Panini Group, established more than 50 years ago in Modena, Italy with subsidiaries throughout Europe, Latin America and the United States, is the world leader in the published collectable sector and the leading multi-national publisher of comics, children’s magazines, and manga in Europe and Latin America. The company has distribution channels in more than 110 countries and employs a staff of almost 1000. For more information visit www.paninigroup.com
Panini is headquartered in Italy, home to its financial and management accounting teams. Under Italian law, there are strict provisions for administrative liability of companies regarding crimes committed by a business representative. This is unsurprising, given the scale of the problem: bribery and corruption cost the Italian economy an estimated €60 billion per year. This area of law falls under Legislative Decree 231/2001.

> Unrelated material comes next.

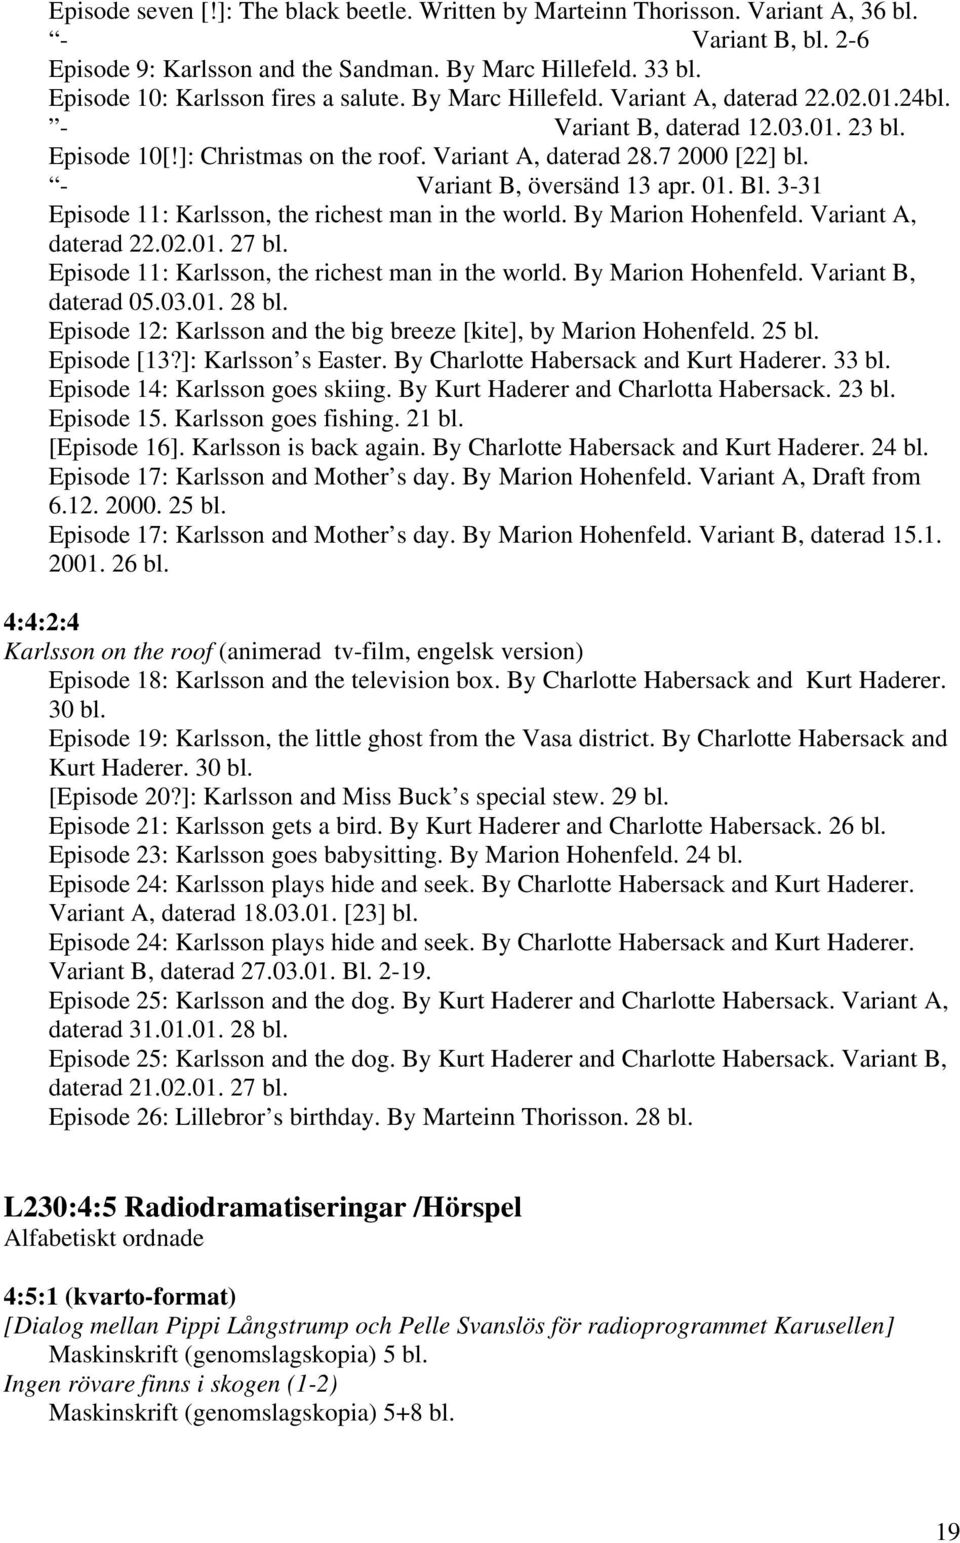 7 2000 [22] bl. - Variant B, översänd 13 apr. 01. Bl. 3-31 Episode 11: Karlsson, the richest man in the world. By Marion Hohenfeld. Variant A, daterad 22.02.01. 27 bl.

Prior to 2012, individuals were liable under Italian law for mistakes made or illegal actions taken at an organisation. Things changed with the introduction of a new Anti-Corruption law, Law no. 190. In consequence, any act of bribery or corruption by any employee acting on behalf of the company could result in administrative liability to the company under that law. This meant that companies needed the correct processes in place to ensure that it had done everything it could to mitigate against such activities.
Panini previously managed its financial reconciliations in spreadsheets and relied on the teams informing the CFO that all actions had been completed. There was no simple way
for the CFO to ensure that all reconciliations had been completed, and that they were correct, without manually checking each one.
By tightening its controls environment and automating the reconciliation process, Panini could ensure that it complied with Law 231/2001.